Currently, the microarray-based BC classification has been regarded as the gold standard [9]. However, the main limitation of this method is its inability to assign samples consistently to specific molecular subtypes [1012]. A main reason is that the dynamic nature of gene expression within an individual may yield misleading results for classification. In contrast, gene mutations at DNA level can be stably detected. As all cancers carry somatic mutations in their genomes and mutational heterogeneity widely exists in cancers, classification of cancers based on the mutation profile could be useful for cancer diagnosis and treatment. On the other hand, with the advancement of new sequencing technologies, genome sequencing has become affordable for routine diagnostic purposes. Hence, exploration of cancer classification based on gene mutation profiles and incorporation of the classification into the clinical decision support system could be meaningful for personalized care of cancer patients.

Several studies that integrated multiple types of molecular data for breast cancer clustering have been proposed. Curtis et al. [13] suggested a novel molecular stratification of breast cancer by combining genome and transcriptome assessments of 2000 breast cancer patients. Based on the impact of somatic copy number aberrations on the transcriptome, they revealed novel subgroups of breast cancers. Likewise, Ali et al. [5] classified breast cancers into ten subtypes based on the integration of genomic (copy number variation) and transcriptomic (gene expression) data. And in another study [6], the authors proposed a computational method that combined gene expression and DNA methylation data to implement machine learning aided classification of breast cancer patients. In a more recent study [7], the authors proposed a network-based stratification method to classify cancers by combining somatic mutation profiles with gene interaction networks, and identified four subtypes of breast cancers.

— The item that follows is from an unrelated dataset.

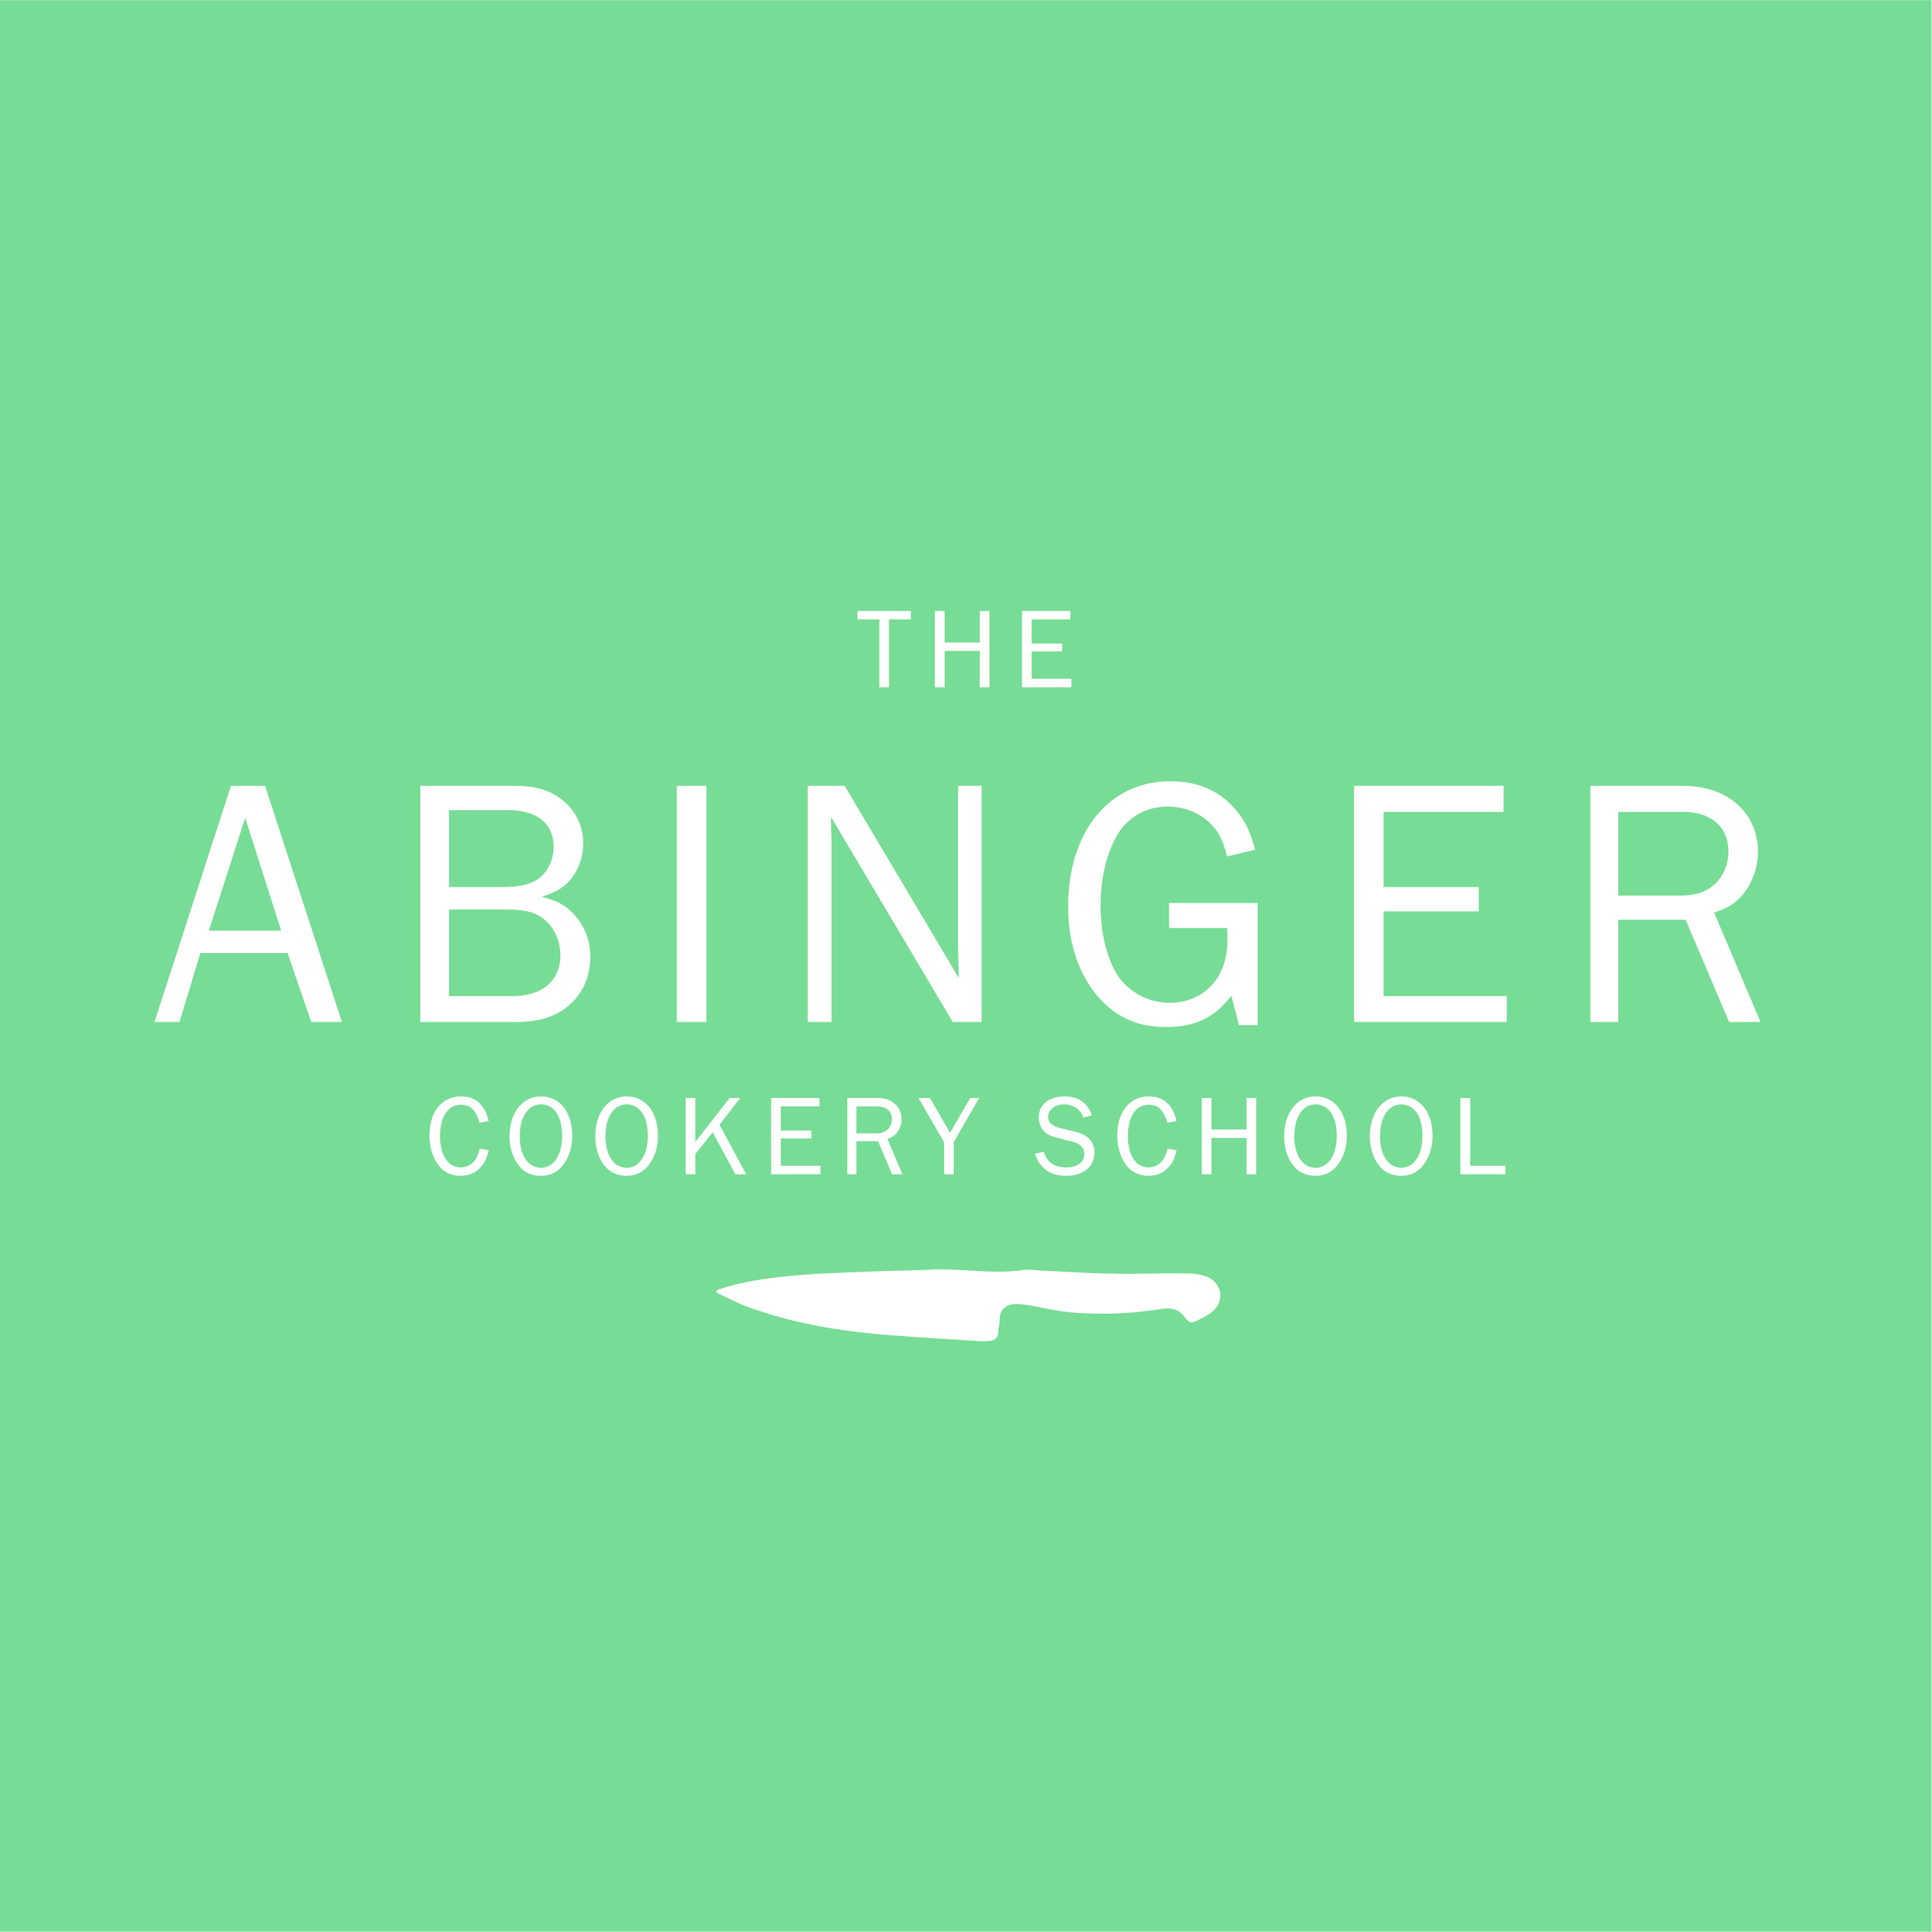 The Abinger Cookery School in

It is often difficult to predict the impact of single nucleotide mutations in the genome at a molecular level and consequently their effect on cancer initiation and progression. In addition, somatic mutations are often sparsely distributed in different cancer samples. Therefore, previous studies used somatic mutation data as an auxiliary information in combination with other data types to classify cancer and/or used as a binary entity (the presence or absence of a mutation) [7]. This strategy is over simplified, given the fact that all mutations are not identical and their impact on the clinical outcome often broadly varies based on many factors such as the genomic location of mutations (coding vs. non-coding), perturbing the mRNA transcription (stop-gain or stop-loss mutations, frame shifts, etc.) or altering the amino acids (synonymous vs. non-synonymous) in the encoded proteins. Hence, quantification of the deleterious impact of mutations on the gene function, and the use of this information in the mutation-based clustering scheme could yield meaningful results.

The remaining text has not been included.